Я стоял совсем недалеко от них, опираясь на костыль. Ибрагим молча делал своё дело. Наверное, он-то знал и понимал всё. Только у него никто ни о чём не спрашивал, кроме меня, а я не умел формулировать нужные вопросы. Но и на сформулированные Ибрагим ведь не был обязан отвечать. Да и понимал ли он как следует по-русски? Такие мысли беспорядочно вертелись у меня в голове, пока не явилась заключительная: а причём тут Ася?
— Только спорить тут уже не о чем, — сказала Жанна серьёзно. — Поздно, есть уже и другие факты.
— Что значит — поздно, какие другие? — Назарий несколько презрительно заглянул ей в полуоткрытый рот, ещё наполненный мясистой плотью последнего слова. Потом вдруг вздрогнул и оглядел её с головы до ног. — Постой… так вот что оно значит! Значит, эта твоя хламида… Ч-чёрт, а я-то думал: выдрючивается барышня!
— Ага, и другие так думают, — снова рассмеялась Жанна. — На то и рассчитано.
— Ничего у тебя не выйдет, — выпалил мотобой. — И не рассчитывай.
— Всё выйдет, — уверенно сказала она. — Я верю, то была случайность, вернее — несчастный случай.
— Снова интуиция? А… просто дурь, — быстро заговорил он. — Вот тебе факты. Сто врачей, и все в один голос говорят, что всё не случайно, а закономерно. Во-первых, наследственность. Во-вторых — не нужно было столько раз падать, и столько пить, вот что они говорят. Может, я и изменился, как ты говоришь, у меня наросли новые кости и нервы, может, мне вместо них здоровые… протезы повставляли. Но как изменить папу с мамой, или дедушку с бабушкой? На их место протеза не вставишь.
— А мне не страшно, — спокойно сказала Жанна. — Как Аська поступать не стану. И скрывать перестану, меня мать поймёт, и другие тоже.
— Этот тоже будет уродом, — Назарий сдерживался огромным волевым усилием, это было видно. — Риск совершенно неоправдан.
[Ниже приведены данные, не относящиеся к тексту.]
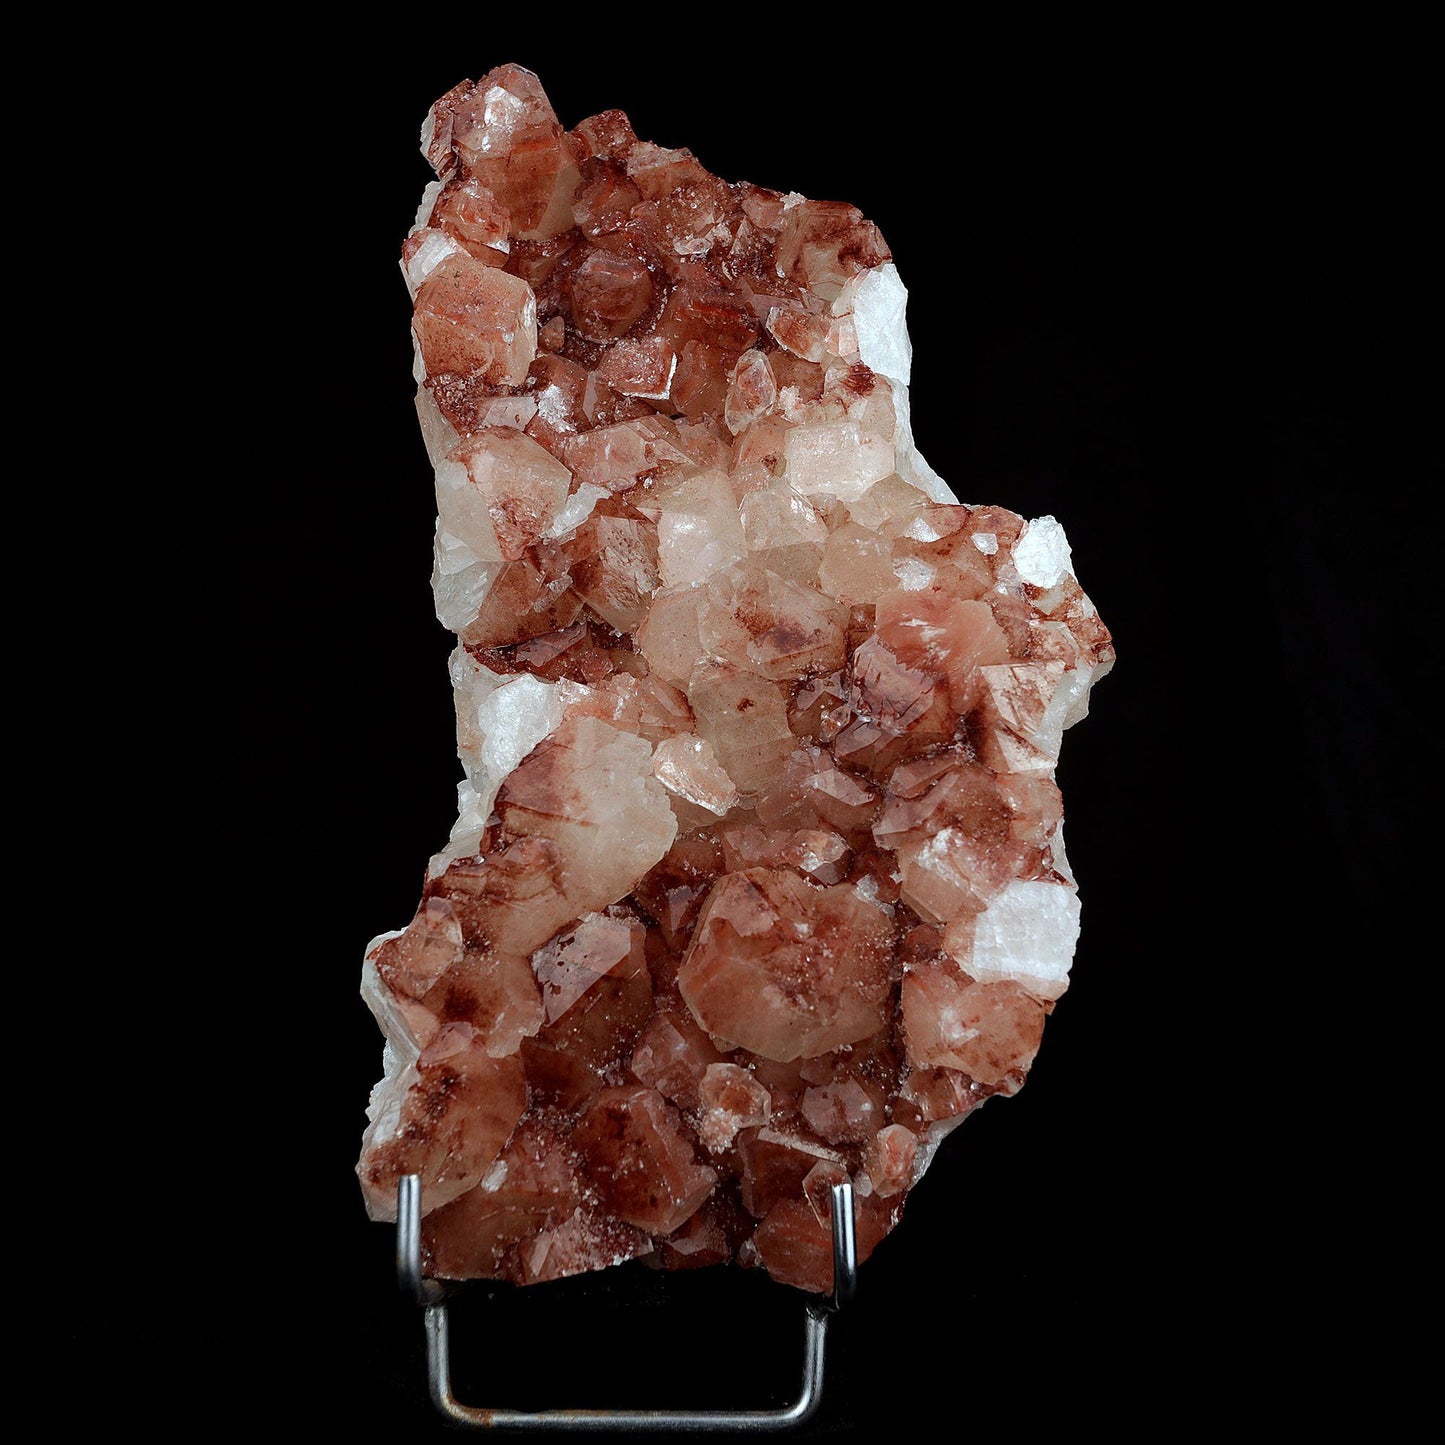 Apophyllite red cluster Natural Mineral Specimen # B 3715  https://www.superbminerals.us/products/apophyllite-red-cluster-natural-mineral-specimen-b-3715  Features:A lovely little Apophyllite Hematite Cluster makes it red apophyllite.&nbsp; This specimen is in top condition and makes for a very aesthetic and compact display piece.&nbsp; Several crystal shapes appear on the cluster and this is a more unusual form of the mineral, with the hematite inclusions in the Apophy

Пока не поздно…
— Риск я беру на себя, — ещё спокойней сказала Жанна. — Я знала, на что шла. Мне Аська рассказывала всё. Я с открытыми глазами приняла тебя… из её рук. Но только я — не Аська, я просить тебя ни о чём не стану, ходить с тобой в бочку ночью не буду, а одна уж — тем более. Как будет, так и будет. Риск? Что ж, рискну.
Тут её взгляд наткнулся на меня, точнее — на мои уши, и она сразу же улыбнулась мне, и помахала рукой. Несомненно, она решила, что смысл их разговора мне недоступен.
— Да и поздно рассуждать, ты опоздал со своими страхами.